Blake: What made this so fun for me was that it was like playing chess with words. I created my very evil character and gave her a certain MO. You created the vastly demented Donaldson and gave him an MO, however as we began to email back and forth the text for section 3, we didn't know anything about each others' characters. In fact, I tried to get my girl to sit in the backseat, but you wouldn't let her. You insisted she sit up front. I didn't know why, but I knew it couldn't be good.
Joe: It was like we were really trying to kill each other. Which was fun to do with you, because you're just as twisted as I am. You were writing LOCKED DOORS at the same time I was writing RUSTY NAIL, and we both wound up with a similar gimmick independent of one another; all serial killers have families.
Blake: You and I share a similar sensibility in the darker side of fiction. There have been other instances when we were working on projects that had similarities. Like in AFRAID and SNOWBOUND when we both wrote scenes with wolves and bear traps. We also both love beer.

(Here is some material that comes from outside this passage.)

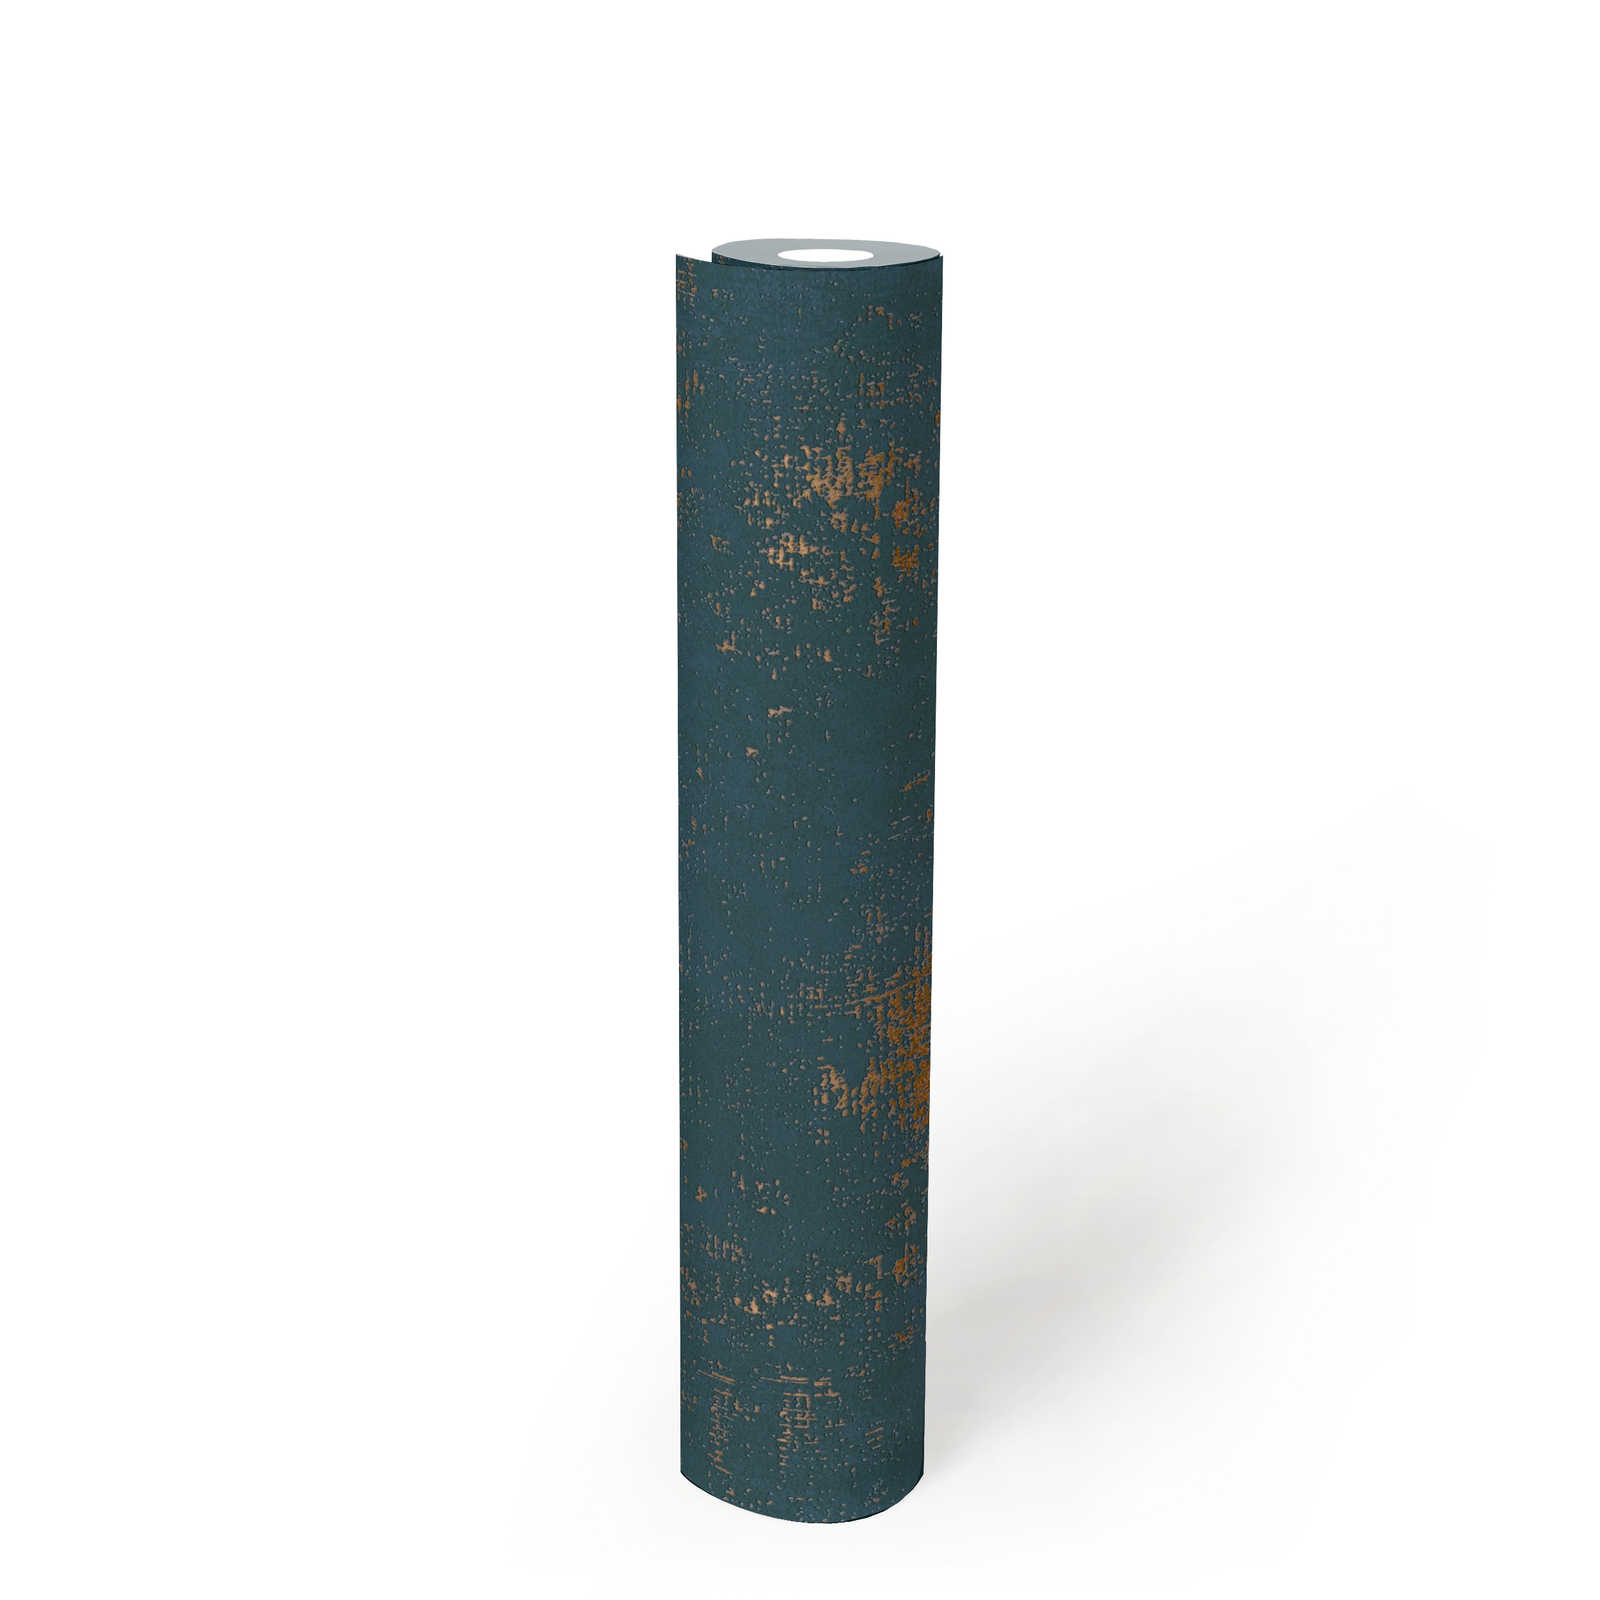             Papel pintado azul con acento metálico dorado y detalles de textura

Joe: I'm about eight years older, so I've loved beer longer than you have. Might be worth doing a brief bio here, for those who haven't read us before. I write thrillers under the name JA Konrath, about a cop named Jack Daniels who chases serial killers. The books have some laughs, but also contain a lot of dark, scary parts, very much like the Taylor section of this novella.
Over the years I've gotten a fair amount of mail from fans, asking if I would ever do a scary book without any jokes. AFRAID was the result. Because it's no-holds-barred horror, I used a pen name, Jack Kilborn.
Blake: My first two books featured suspense writer Andrew Thomas, who gets pulled into a nightmarish world even worse than the ones he writes about. My latest book, SNOWBOUND, is coming out June 2010. It deals with human trafficking, a missing mother/wife, the Alaskan mob, and an elite Mexican ex-paratrooper group who are muscle for the drug cartels (they're real and they are so freaking terrifying I don't even call them by name in the book). Want to talk about all the negative reviews SERIAL has gotten?
Joe: Man, people sure are vocal in their hatred of this story. There have been hundreds of negative reviews on Amazon, Sony, B &N, and Apple, saying how sick and disgusting the story is, and how we're both monsters for writing such a thing.
First of all, it's a horror story. Horror is supposed to push boundaries and freak people out. What did they expect downloading a story about serial killers? Dr. Seuss?